After some digging, I found that CLIPTextOnnxConfig.generate_dummy_inputs indeed calls DummyTextInputGenerator.generate. But after that, it cast the input to torch.int32, which makes the difference. I don't know whether this casting is necessary. Maybe @echarlaix could give some clues?

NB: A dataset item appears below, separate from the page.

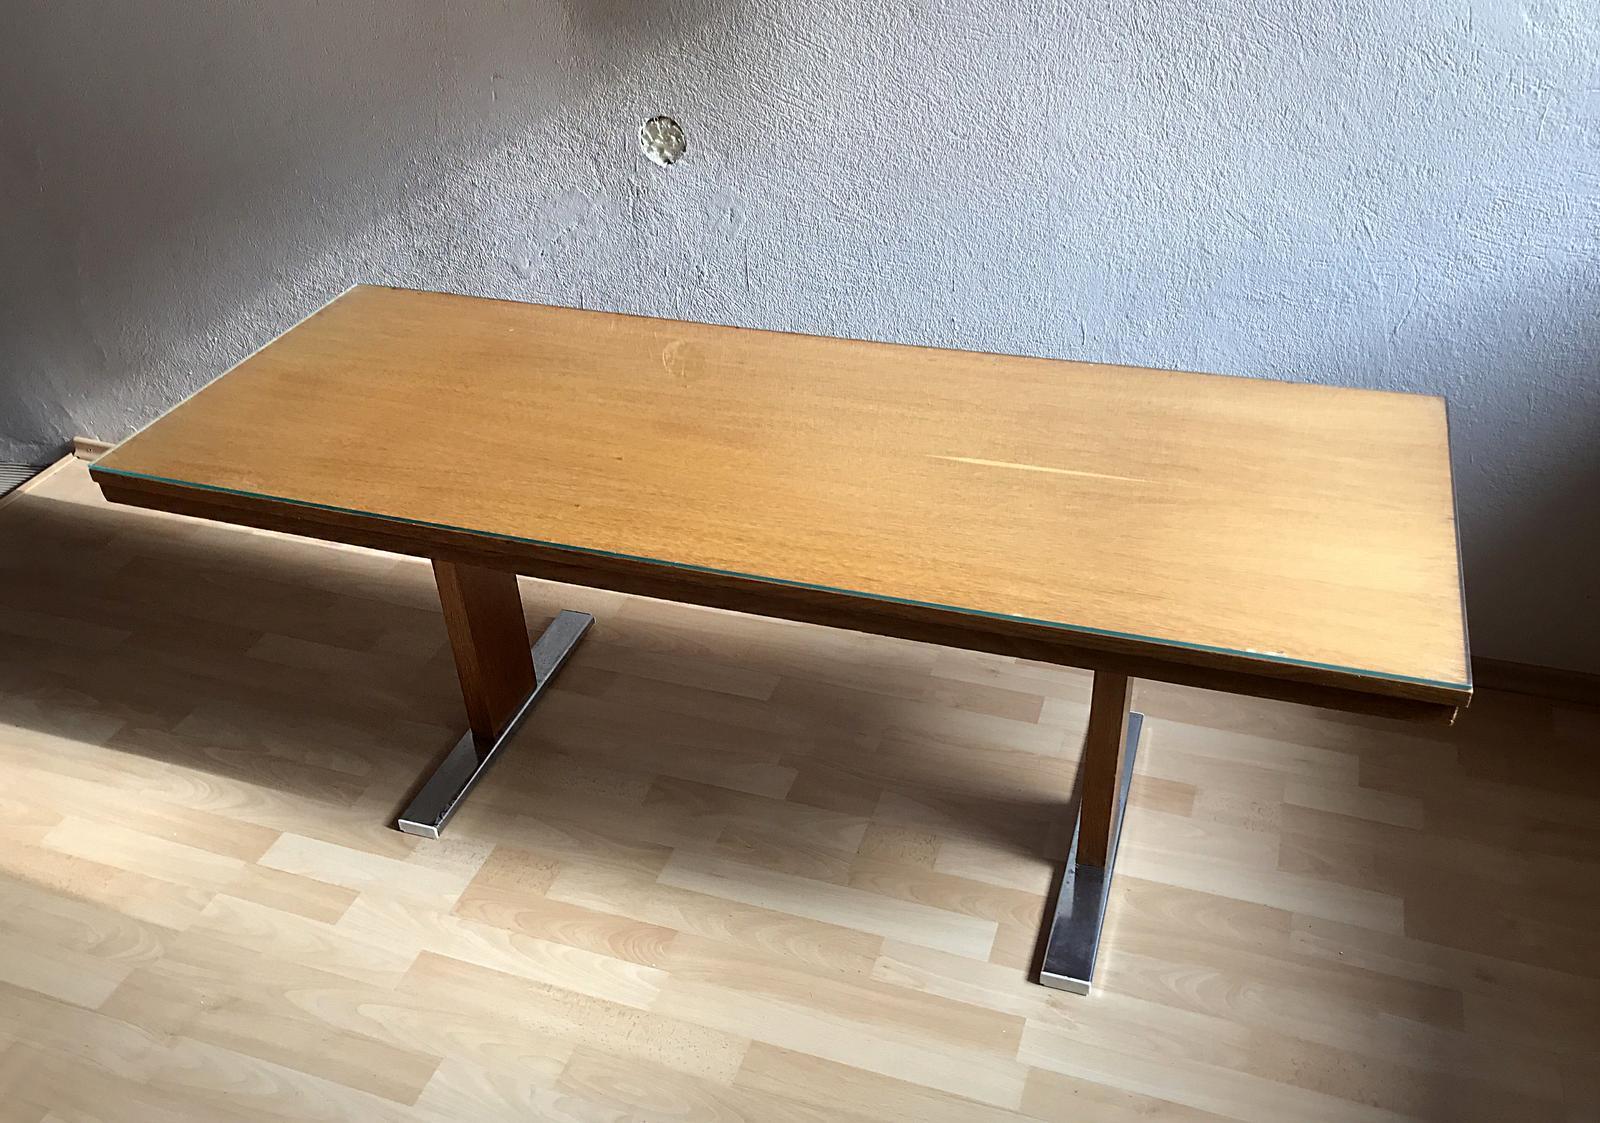 Predám retro drevený konferenčný stolík so sklom - Obrázok č. 1

EDIT: Additionally, this error doesn't occur in pytorch 1.13+. This is because pooler_output of the clip onnx model is

name: "pooler_output"
type {
  tensor_type {
    elem_type: 1
    shape {
      dim {
        dim_param: "batch_size"
      }
      dim {
        dim_value: 768
      }
    }
  }
}

while for pytorch1.12.1 it's

name: "pooler_output"
type {
  tensor_type {
    elem_type: 1
    shape {
      dim {
        dim_param: "batch_size"
      }
      dim {
        dim_param: "Reshapepooler_output_dim_1"
      }
    }
  }
}

where Reshapepooler_output_dim_1 is not an allowed_dynamic_axes and thus triggers the fix.

fxmarty commented 1 year ago

Edit: oh, this torch 1.xx specific. I actually can't reproduce on 1.13.1 either. Is this issue about the cast operation introduced, or is there an error raised?

I have no issue running

from optimum.onnxruntime import ORTStableDiffusionPipeline

pipe = ORTStableDiffusionPipeline.from_pretrained("SG161222/Realistic_Vision_V2.0", export=True)

on

onnx                         1.14.0
onnxruntime                  1.14.1
optimum                      1.8.5
transformers                 4.28.1
torch                        2.0.0
diffusers                    0.16.1
sunhs commented 1 year ago

I just found it reproduces for pytorch 1.12 but not for either 1.13 or 2.x. I've updated the description (sorry for not having done it earlier).